I can’t rehash every detail of his lecture here (it was a three hour session) but these are the basics of building three-dimensional characters. His view on building characters we can relate to was really unique. There are ways in which we can convey whether a character is an alpha or not, whether they are strong or weak, and we always want to keep our protagonist strong throughout. If we make them appear weak, the reader loses interest in the character. No one wants to hear about a wimpy hero. There is no such thing, right? No matter the character’s weaknesses we need to keep them at alpha status. The same goes for the Antagonist. The Antagonist should be equal in status to the Protagonist. However, in order to overcome the evil Antagonist, the Protagonist needs to be slightly smarter. Otherwise, how would he outsmart the bad guy?

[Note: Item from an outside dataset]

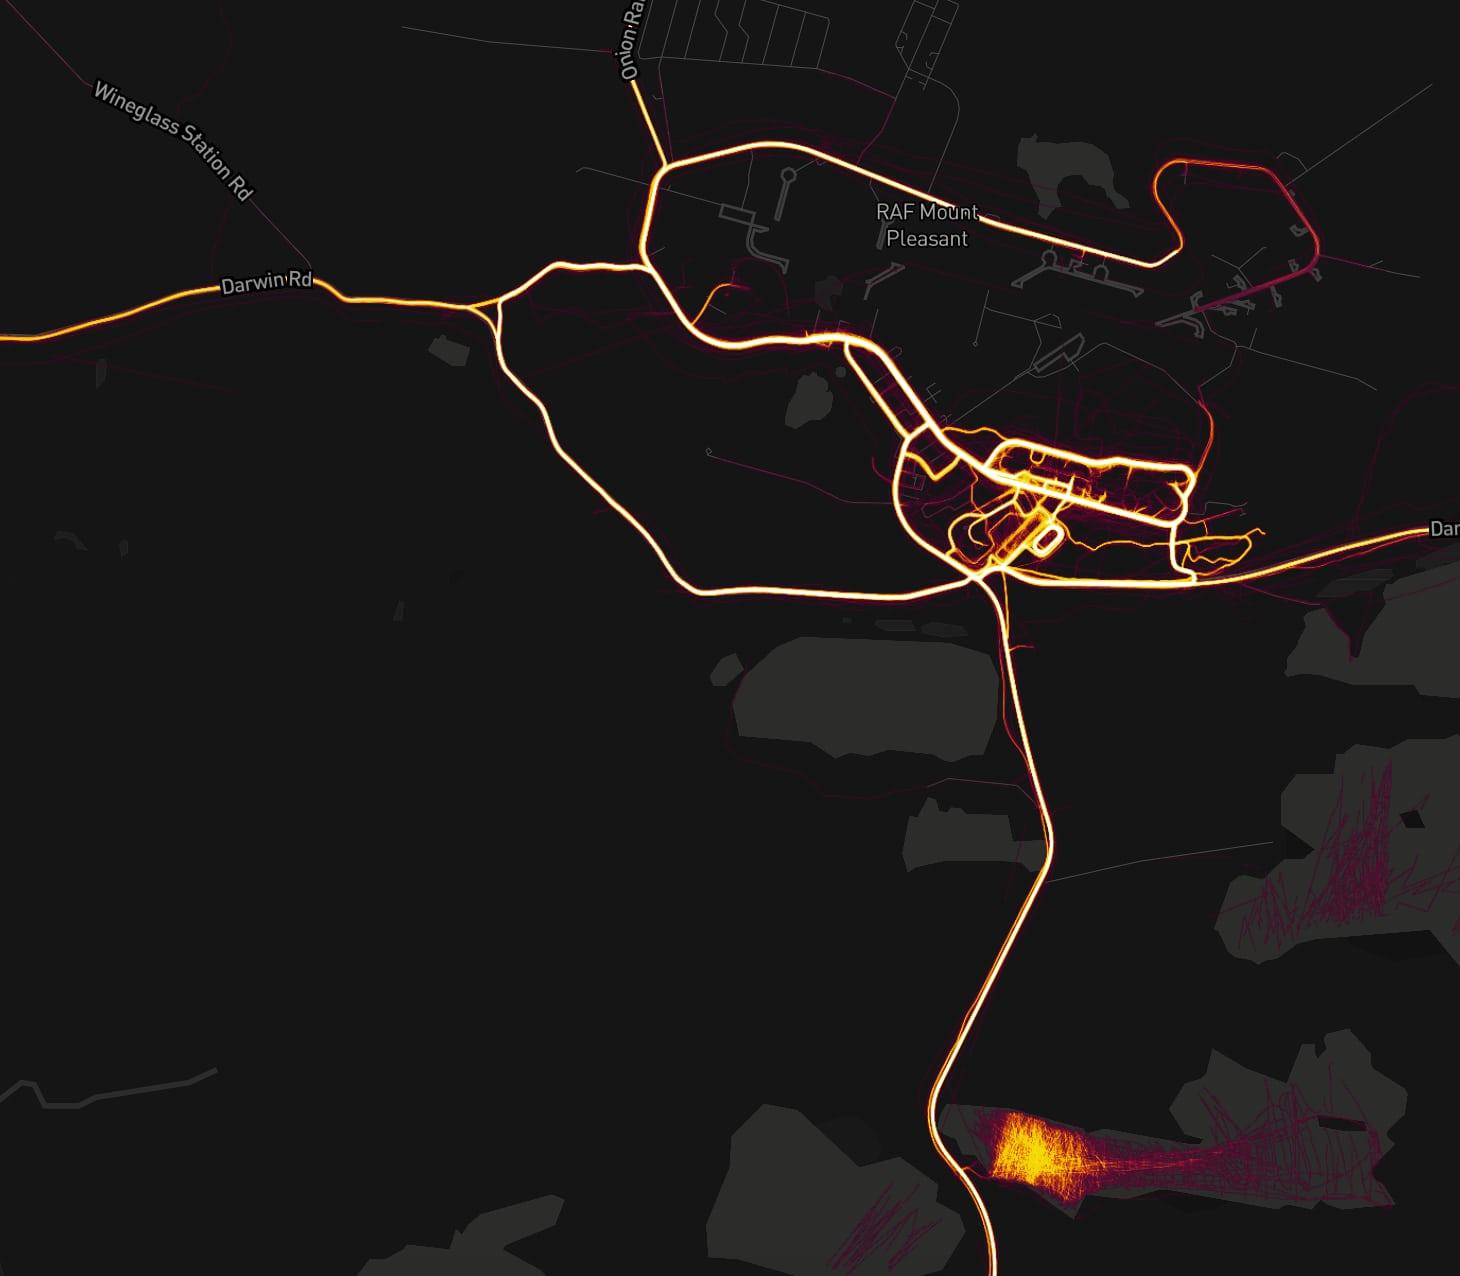 L'application fitness Strava révèle les positions de bases militaires secrètes

There were so many other great things to consider when building a great character, so many more details Steven James imparted. I wish I could list them here for you. If you ever get a chance to hear him speak, I highly recommend you make every effort. If not, get his books. I plan to get them because I’m sure there is much more I can use than what I learned at the conference.

Next post I’ll share what I learned about building an Author platform with some tips I got from Dan Case, another great speaker who is a past President of OWFI, editor of Writing for DOLLARS!, and will be lecturing in Ft. Worth, TX in June 2012. I hear it will be on blogging. I’m going to try and make it.

I’ve got a lot of thinking to do in developing my characters this week as well as working on my outline which is due end of this month. One thing I did accomplish last week was laying out a schedule for completing my first draft by end of August 2012 and all revisions by end of year, 2012.

One last thing, I found some great blog postings on Steven James’s blog and other guest blogs featuring him as well. Great stuff packed with writing wisdom. Enjoy!